L’édition 2026 du salon Euro Supply Chain au Parc Expo de Mulhouse, le 9 juin, offrira une photographie des évolutions de la logistique et de la supply chain régionale. Pour l’anticiper, nous vous proposerons plusieurs rendez-vous de focus sur des entreprises et prestataires qui pratiquent concrètement ces mutations. Aujourd’hui : Weber. La PME familiale parvient à entraîner la logistique dans la dynamique de croissance des ses principaux métiers, le transport routier et l’affrètement. Cette nouvelle prestation exercée pour l’instant dans 3.000 m2 d’entrepôts à Cernay contribue à la diversification de ses clients.

Weber est désormais bien installée dans ses murs logistiques à Cernay (Haut-Rhin). L’entreprise familiale a pris possession depuis six ans de 3.000 m2 d’entreposages marquant sa volonté de faire de la logistique le troisième pied d’une activité historiquement tournée vers le transport routier et l’affrètement.

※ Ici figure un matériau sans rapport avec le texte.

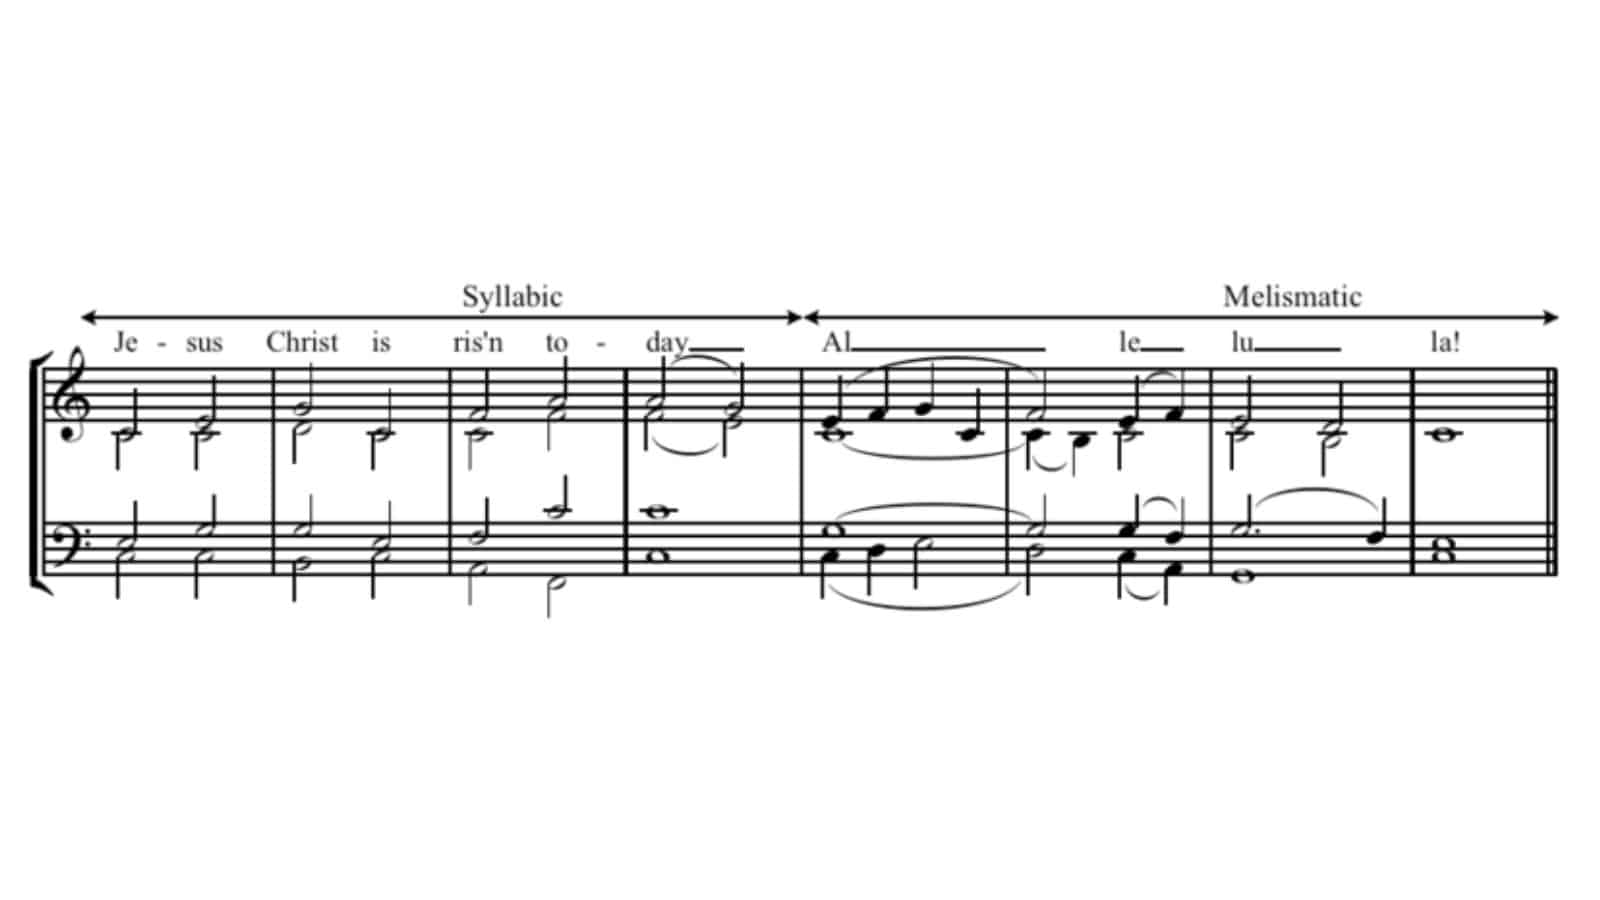 Example of syllabic and melismatic text setting for singers

En proportion, ce nouveau métier est encore loin de rivaliser avec les deux autres composantes, dans la mesure où il représente 5 % du chiffre d’affaires, contre respectivement 60 % (grâce à un parc de 40 camions tracteurs et 80 semi-remorques) et 35 %. « Mais l’activité a progressé, au même titre que les autres », relève la dirigeante Sophie Weber. En effet, le chiffre d’affaires total de la PME a augmenté d’un peu plus de moitié en cinq ans, pour s’élever à 10,1 millions d’euros en 2025. Il a ainsi franchi un cap symbolique lors de ce dernier exercice clos le 30 juin. « Nous progressons sans brader les prix : nous revalorisons nos tarifs de façon justifiée, lorsqu’il s’agit de couvrir les hausses de coûts », souligne la dirigeante, qui a succédé à son père Gérard fondateur dans les années 1970 dans la vallée sous-vosgienne de Saint-Amarin.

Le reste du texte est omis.